France and Morocco meet again on the World Cup’s biggest stage, this time at Gillette Stadium in Foxborough, and the history between these two sides adds real weight to tonight’s quarterfinal. France beat Morocco 2-0 in the 2022 semi-final in Qatar, a result that ended Morocco’s run as the first African and first Arab nation to reach a World Cup last four. Four years later, Morocco returns for revenge, and this time the run to the quarterfinal looks even more complete.
Bookmakers and pundits still favor France heavily. Les Bleus have won all five of their matches this tournament, scoring 14 goals and conceding just twice, and Kylian Mbappe leads the Golden Boot race with seven goals and two assists. That form has pushed France among the shortest odds to lift the trophy, with most models and betting markets calling this a comfortable passage to the semifinals.
Morocco, though, refuses to play the role of underdog. The Atlas Lions have matched France’s consistency step for step, going unbeaten across five matches while sharpening their game through genuinely difficult tests against Brazil and the Netherlands. Coach Ouahbi has built a Morocco side that trusts its shape, rarely beats itself, and has shown it can raise its level against bigger nations when the stakes rise.
That sets up a contest far closer than the odds suggest. France carries the sharper attack and the tournament’s most dangerous individual talent, but Morocco arrives with its own case for an upset. Here are three reasons the Atlas Lions can shock France tonight.

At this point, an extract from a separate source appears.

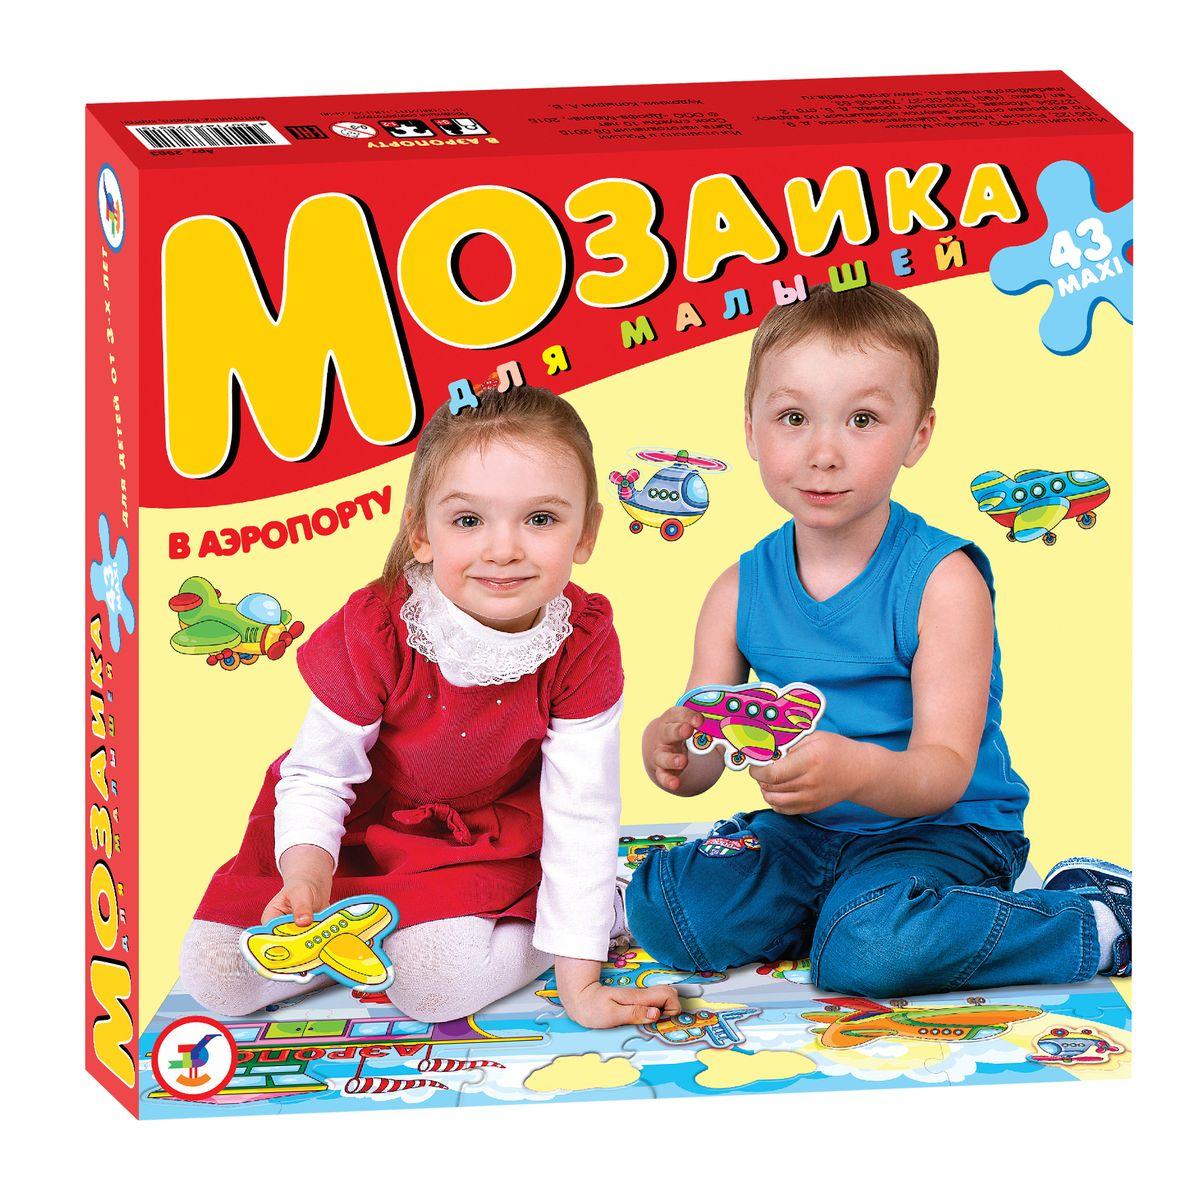 Дрофа-Медиа Пазл для малышей В аэропорту дрофа медиа пазл для малышей играй и собирай 4 в 1 2938

- Morocco Has Not Lost in 34 Matches
Morocco last tasted defeat on August 10, 2025, a run of 34 games. That unbeaten streak includes a 3-0 demolition of Canada in the last 16 that looked more comfortable than the scoreline suggested to any neutral.

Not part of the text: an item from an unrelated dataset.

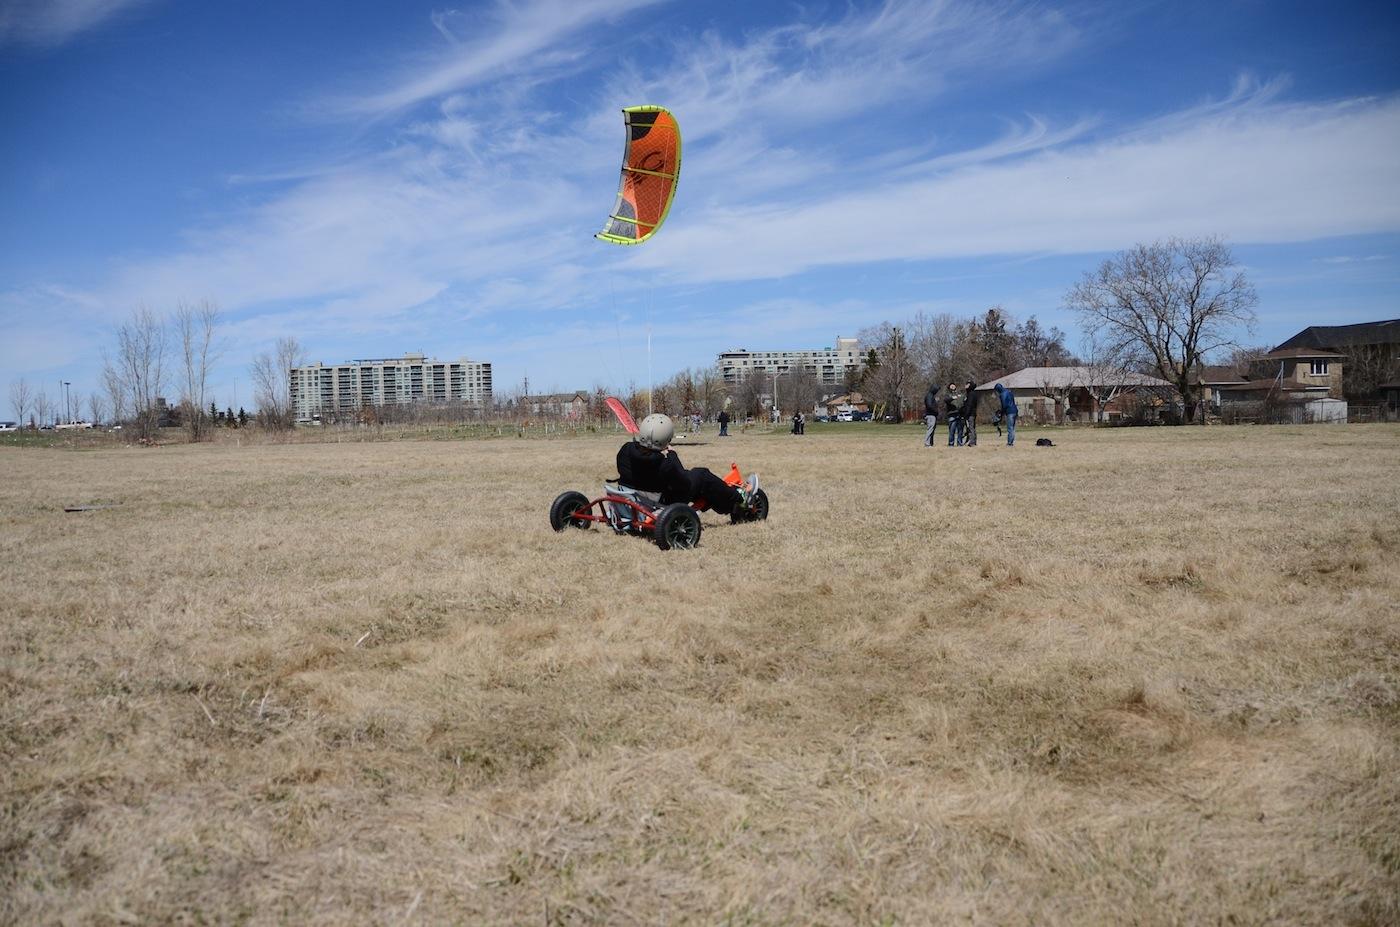 land buggy kitesurfing

The Atlas Lions have also drawn tough tests against Brazil and the Netherlands without cracking, showing a defensive discipline that has conceded only four goals across five matches.
- Azzedine Ounahi Can Exploit France’s Midfield Gaps**
Ounahi’s movement between the lines and his ability to receive and turn under pressure rank as Morocco’s most dangerous individual attacking quality. The Girona midfielder was influential in the round of 16 bagging two goals in the win over Canada.
Aurelien Tchouameni, still working his way back from an adductor injury that kept him out of the last-16 win over Paraguay, faces an uphill battle to start, and if he or Manu Kone fail to step up and intercept Ounahi’s runs early, the Moroccan midfielder can find the same space that hurt Canada and the Netherlands.
- Morocco knows exactly how to hurt France
The two sides met in the 2022 semi-final in Qatar, where France won 2-0, and that history has given Morocco four years to study Les Bleus up close. The Atlas Lions arrive with a more established defensive structure than in 2022 and a double pivot in Neil El Aynaoui and Bilal El Khannouss capable of playing through France’s high press. Add the psychological motivation of avenging that 2022 defeat, and Morocco has every reason to make this a fight rather than a formality.
France remain favorites on paper, but Morocco’s unbeaten run, its tactical discipline, and its hunger for revenge make this quarterfinal anything but a formality.